Prepare plates and photographs
The analysis done by
diskImageR will only be as good as the photographs taken of the disk assay plates. We use the Bencher Copymate II camera mounting system. In this setup there are two fluorescent lights on either side of the disk, oriented to minimize shadows on the plate in an otherwise dark room. We use the Canon Rebel T3i camera with an ISO 800, white balance "white fluorescent light", time 1/100s, picture stype "neutral", centre focused. Any camera of reasonably high quality should suffice, though the camera should always be set in manual rather than automatic mode, as the goal is to take photographs as consistently as possible. We also use the 2s timer to avoid potentially jostling the camera while taking images and/or having a hand/arm shadow in the picture. Plates should be photographed on a dark surface (we use black velvet) and plate labels are written on the side rather than the bottom of the plate.

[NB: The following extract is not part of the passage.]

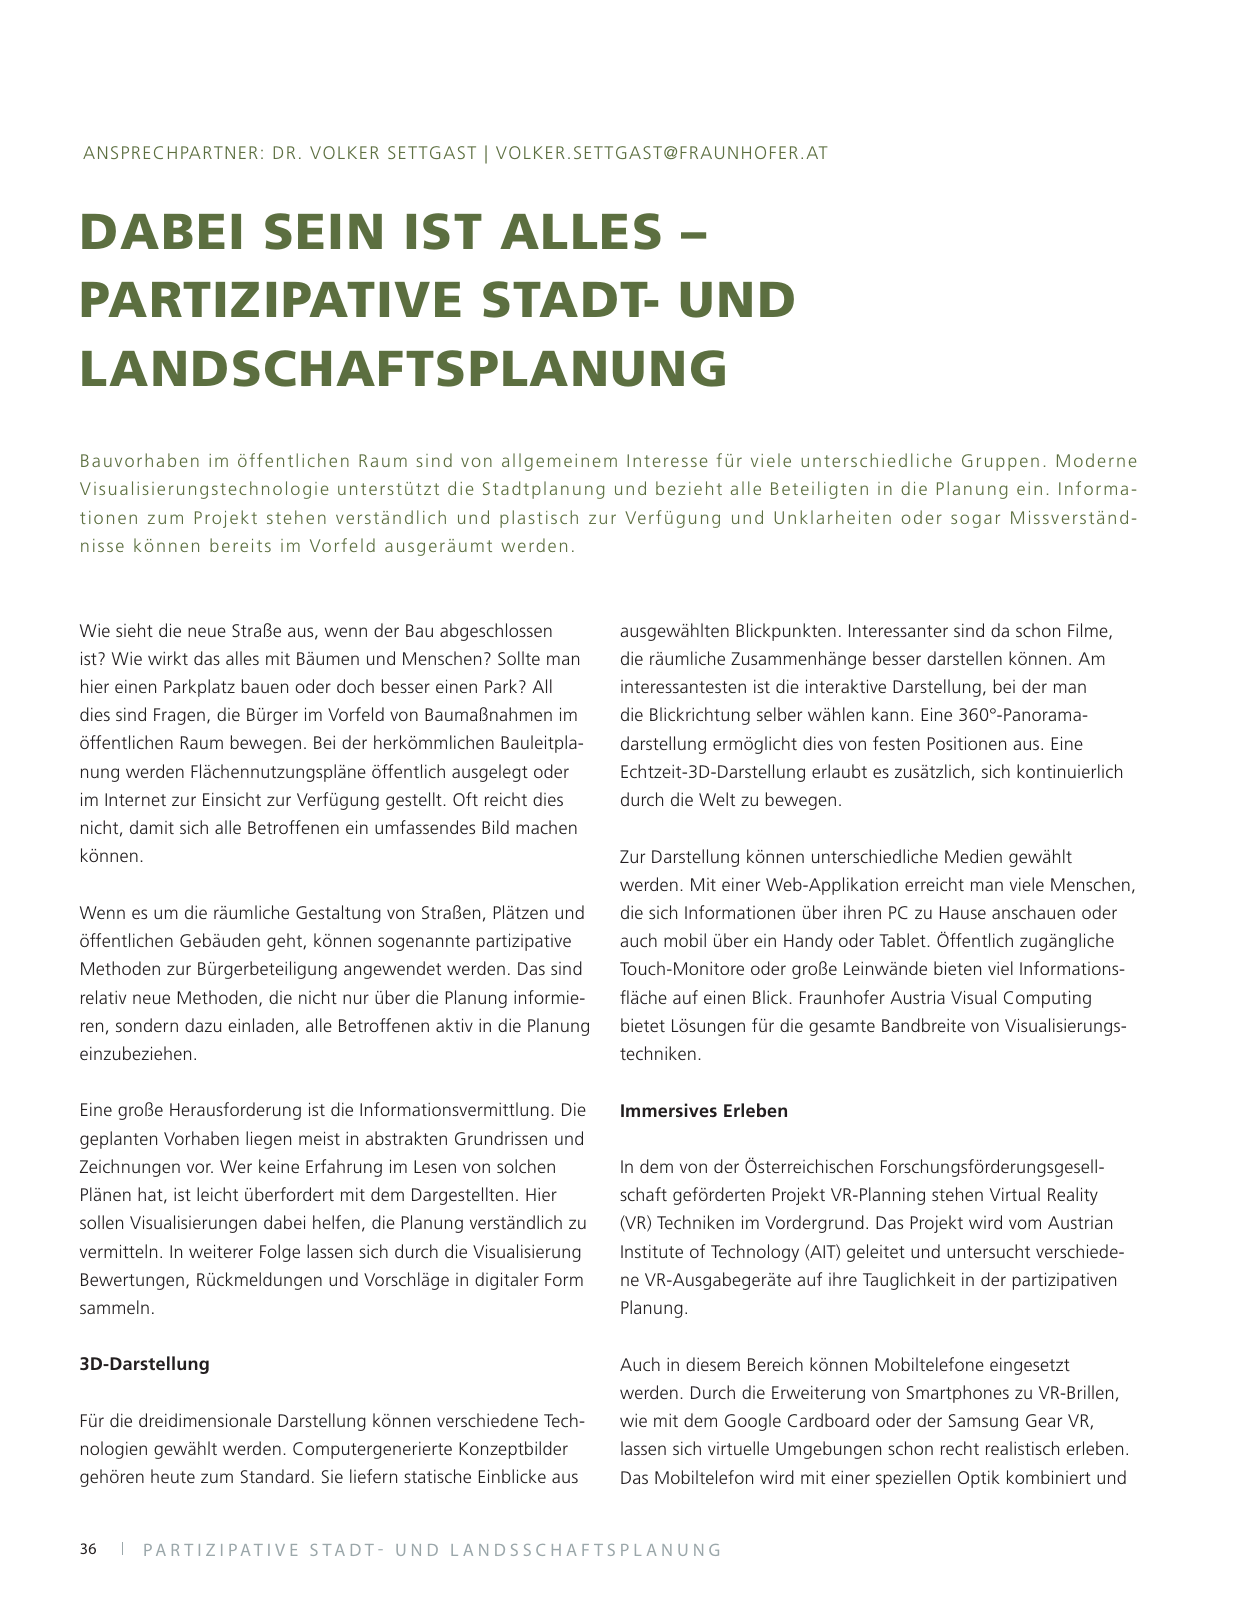 Vorschau Fraunhofer Austria Jahresbericht 2016/17 Seite 38

Prior to analysis, images should be cropped close to the plate (as above). Because the analysis program automatically detects the disk based on size, it is important that no other similar-sized circles be present in the image (e.g., from letters in labels).
Once you have the set of photographs that you want to be analyzed together they should be placed in the same directory, with nothing else inside that directory. Important! If there are any other files within the directory the script will not run properly.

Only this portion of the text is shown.